Sorry about the other one, it errored out.  I just fixed this one and it works.  Put this whole block in for <?php echo $user[25]?>.

Wherever that line appears (I don't know, lol), put that.

[djfox]

Still doesn`t work. @_@;; It still wants to enter urls as "http://secrettrance.net/%5C%22%22http://www.pokeplushies.com/images/adoptables/321731.gif%5C%22%22".

[djfox]

Know of any reliable "free" scripts I could get that would allow this stuff to go through bug-free?

The WYSIWYG was one of those and for the longest time worked (which is what is being currently used).

Or of any alternatives I can do to make this work?

[DarkWater]

It's horridly messed up as it is, and no free script can fix design flaws.  You need a seperate pets table, and don't let them enter HTML into the pets box...Then can destroy the layout.  And just have them enter a URL and add it in to the pets table with the user_id as the thing that will identify then. 

 

I mean, if I spent a long time looking at it and trying to write a really convoluted string function, I could do it, but it's better to just use good coding practice.

[djfox]

But other sites allow this (such as deviantart and ponyisland).

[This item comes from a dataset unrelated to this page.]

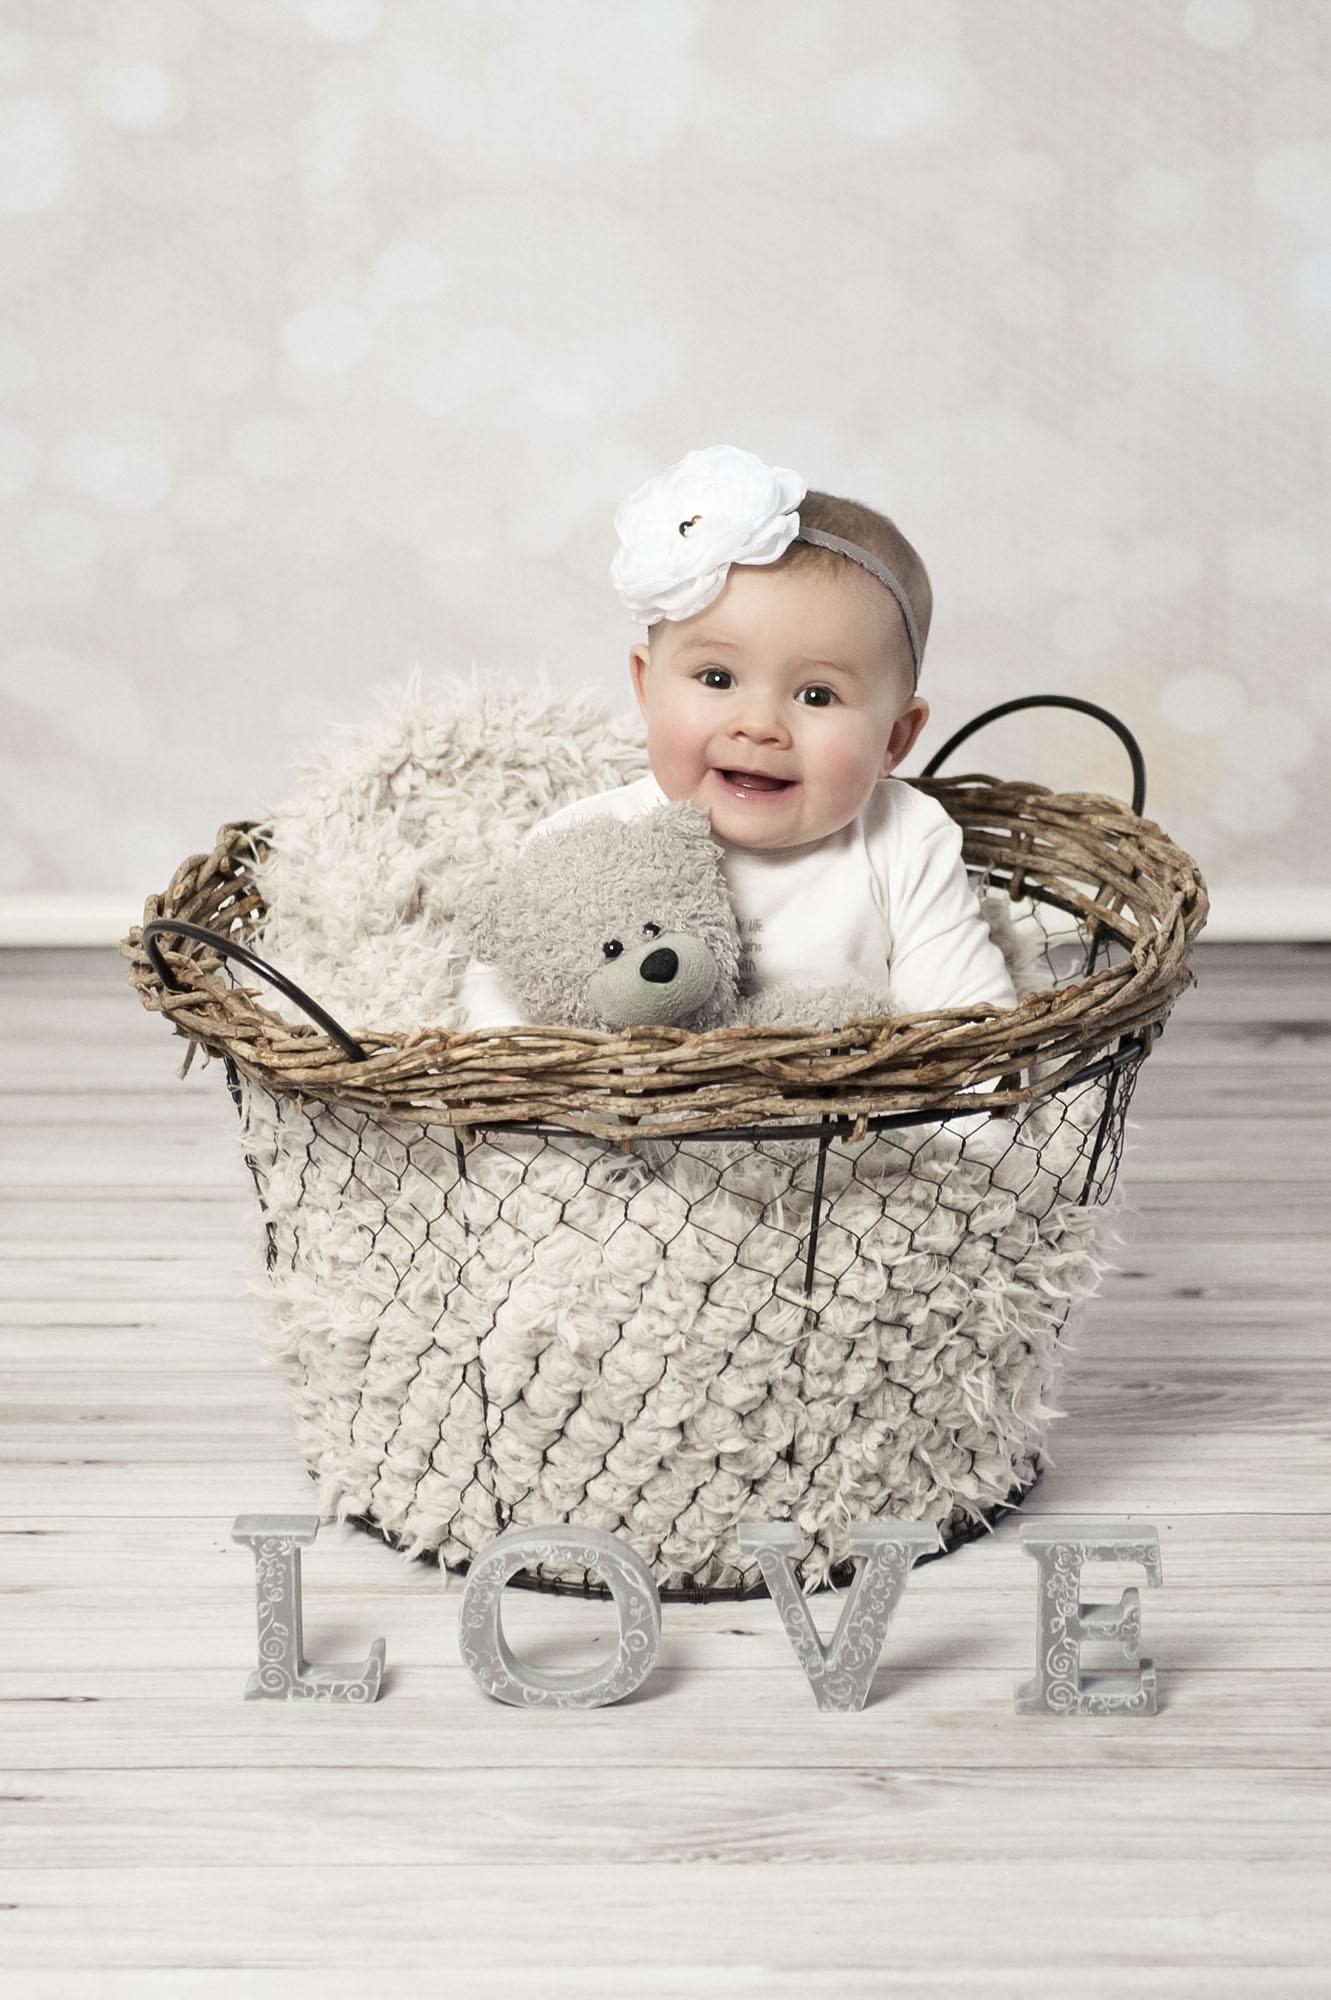 Babyfotos waldkraiburg - Baby bilder ideen ...

Using html used to work for my site. What happened?

 

What could I use for the form to check for html codes before it processes the form, and if there is any html, it would return with "No html allowed"?

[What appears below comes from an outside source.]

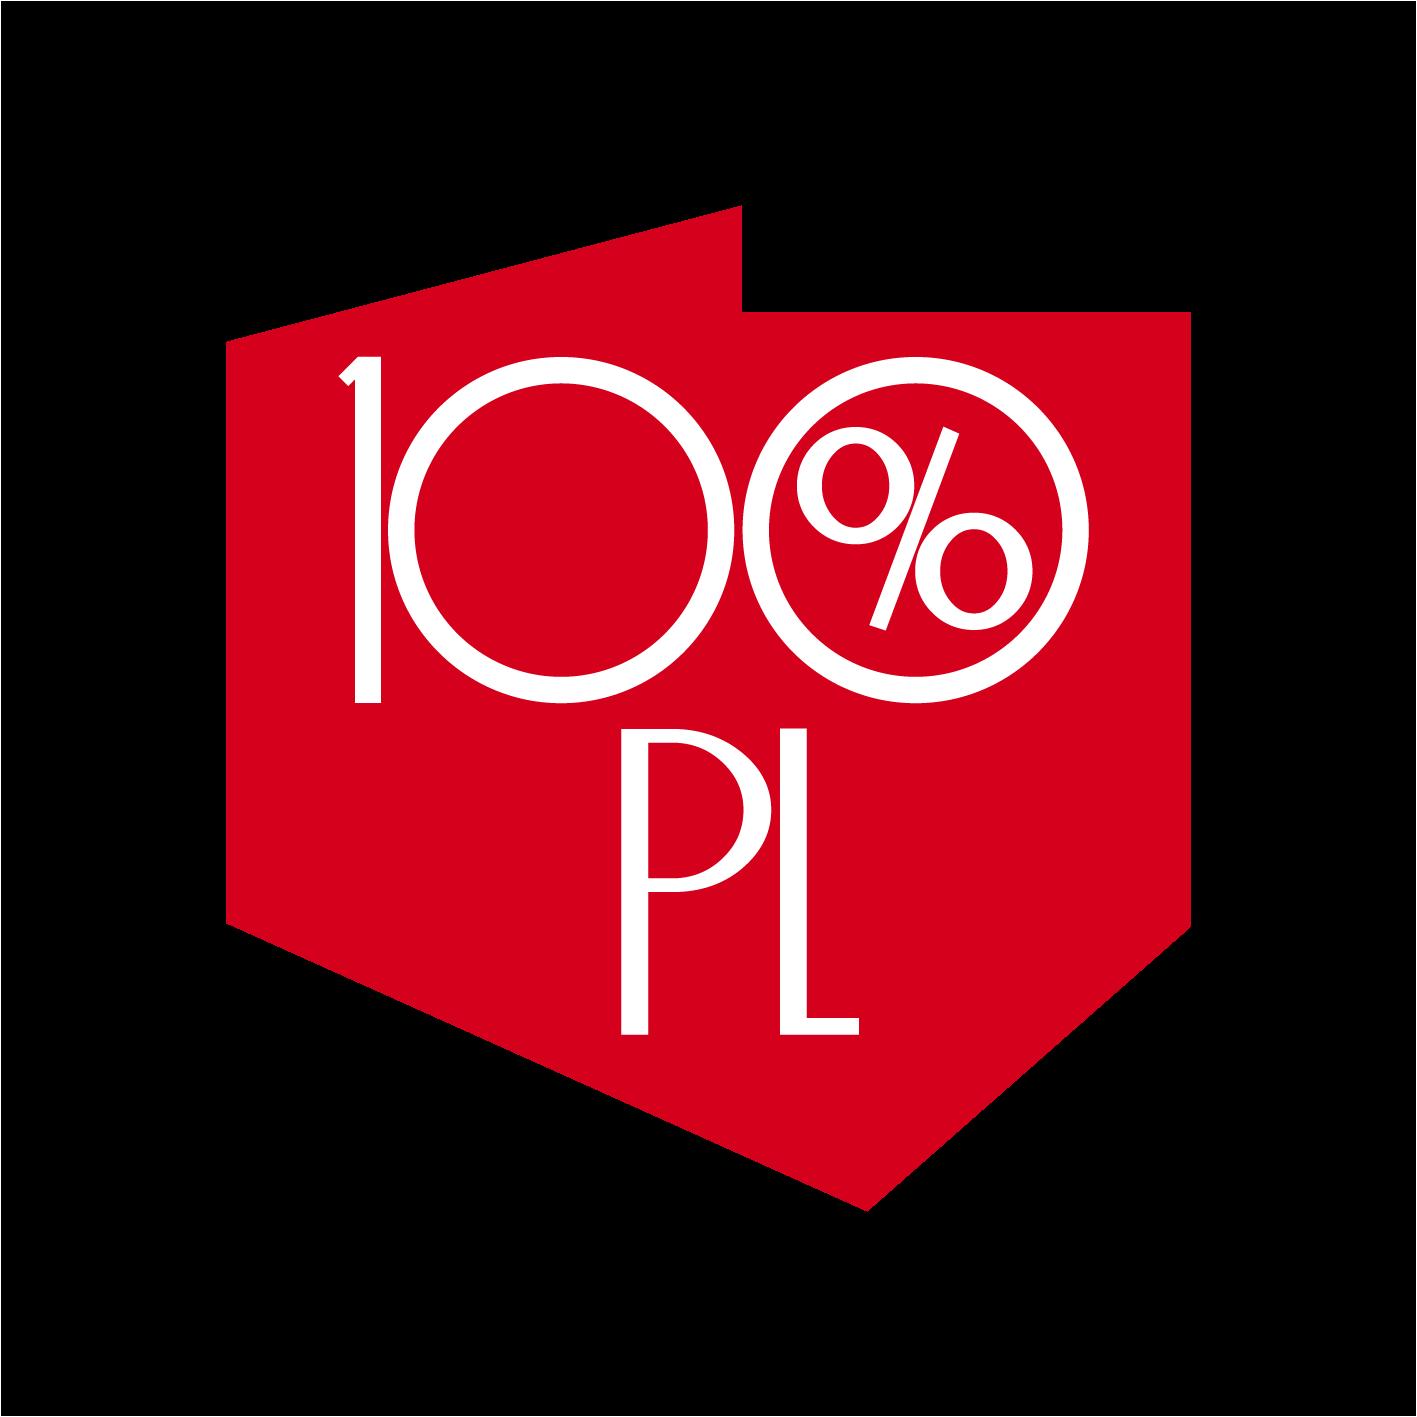 100 procent PL

And what about blocking certain html codes? I need some html permissible for the literature submissions.

[DarkWater]

strip_tags($_POST['text'], "<p><br /><br><b><i>");

 

=P  Put in the tags you want to allow as the second argument.  ONLY the starting tag.

 

Edited.

[djfox]

Would I put permissible html tags one on each line or one right after the other?

[DarkWater]

Right after each other.  This stupid WYSIWYG editor on THIS site turned all my example tags into styles on my post.  Let me repost it in code tags. >_>

[djfox]

And here`s the kick in the pants:

I have another site hosted with the same company that uses all the same codes as what my in question uses, and that second site has no problems. It uses WYSIWYG as well.

[DarkWater]

Did someone enter something unexpected and it just handled it wrong?  You never know what someone's going to enter.

[djfox]

True that, you never know.

But what I posted to you is what I was entering in into the form. If I post the same thing on the other site it works. x_x;

Example here: http://aplaceforpets1.com/page.php?id=11

(I have to remove that soon though but if you scroll down a bit you will see al the images and everything working properly there.)

 

And just to be sure I fully understand what I`m doing, I would enter the code as:

$text=strip_tags($_POST['text'], "<p><br /><br><b><i>");
mysql_query("UPDATE userdata SET pet_s='$text' WHERE id='$id'");

Correct?

[DarkWater]

HA I FOUND MY MISTAKE.  WOOT.  OKAY THIS WORKS. @_@  I just tried it on my server with the EXACT output you gave to me (with all the \ and stuff) and got it to work with your images PERFECTLY.  Put this and tell me what happens.

 

$userstuff = explode("\"", $user[25]);

$notallowed = array("\\", "\"");

$count = 0;

foreach ($userstuff as $v) {

 

  $v = str_ireplace($notallowed, "", urldecode($v));

 

if ($count == 0) {

$newuser[] = $v;

 

}

elseif ($count == count($userstuff)) {

$newuser[] = $v;

}

else {

$newuser[] = "\"" . $v;

}

 

$count++;

}

echo (implode("", $newuser));

?>

 

[djfox]

All right, that seems to do the trick. ^^ Now since this info will be updated frequently, can this also be applied to the textarea for proper display there?

[DarkWater]

Uhh....ya.  It's a good thing I'm pretty good with string functions. xD  So annoying sometimes. @_@

[djfox]

It IS a good thing. I certainly would have never figured this out. Thanks much for having patience with me and sticking with this to help me out!

[DarkWater]

Ha, no problem.  Feel free to ask more questions if you ever have to. 

 

You might want to click Topic Solved in the bottom...left of the topic.